Some drugs and substances affect the therapeutic properties and pharmacokinetics of metronidazole itself:

• cimetidine: inhibits the metabolism of metronidazole, increasing its concentration in the serum (increases the risk of side effects);
• phenobarbital, phenytoin and other inducers of microsomal oxidation enzymes in the liver: it is possible to accelerate the elimination of metronidazole and reduce its plasma concentration;
• alcohol: disulfiram-like reactions occur (vomiting, nausea, headache, skin flushing, abdominal cramps);
• disulfiram: additive effects develop, confusion may occur (joint use is prohibited).

While taking Klion, difficulties may arise in correctly determining the activity of lactate dehydrogenase, liver enzymes and the concentration of triglycerides in the blood.
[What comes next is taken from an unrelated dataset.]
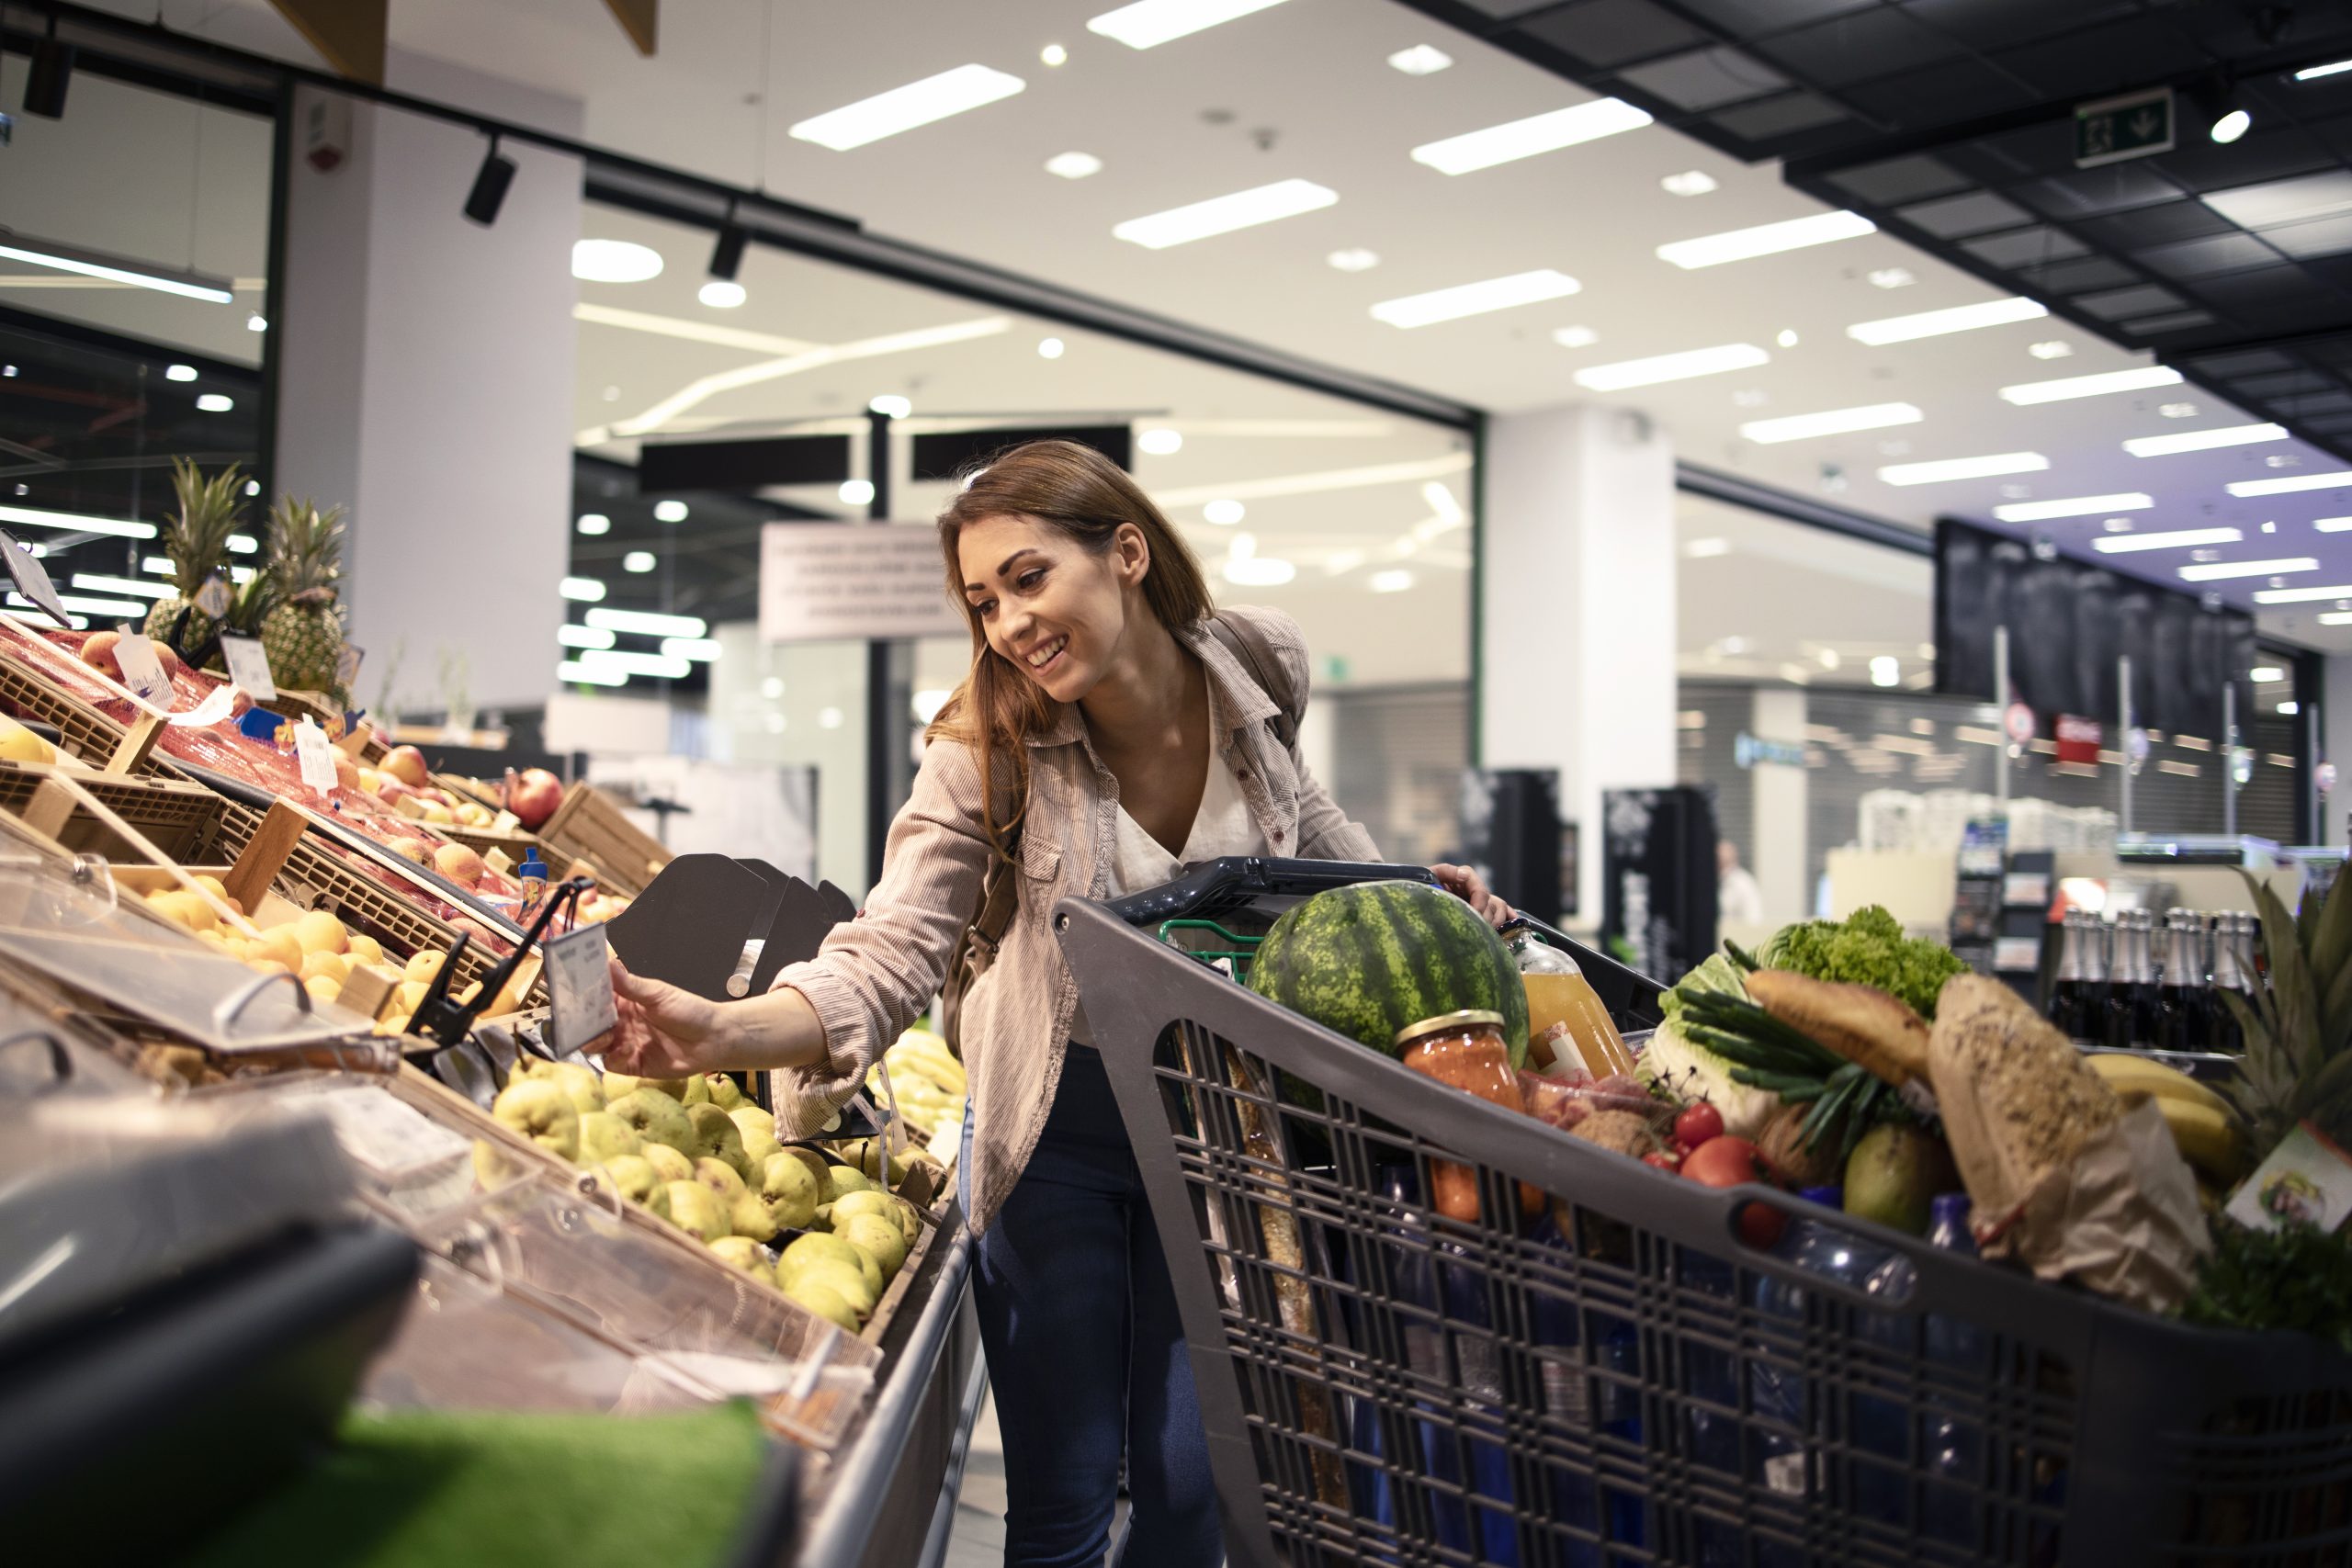 Програма лояльності для супермаркету: що потрібно знати

Use of the drug Klion-d 100

Locally, for vaginitis caused by Trichomonas vaginalis , 1 tablet of the drug, moistened with water, is injected deep into the vagina once a day, in the evening before bed. The course of treatment is 10 days. At the same time, metronidazole is prescribed for oral administration (1 tablet during or immediately after meals, 2 times a day in the morning and evening). It is advisable to simultaneously treat the sexual partner with metronidazole (orally). If the effectiveness is insufficient, local treatment is continued for another 10 days. For candidal vaginitis, 1 tablet of the drug, moistened with water, is injected deep into the vagina once a day, in the evening before bed. The course of treatment is 10 days.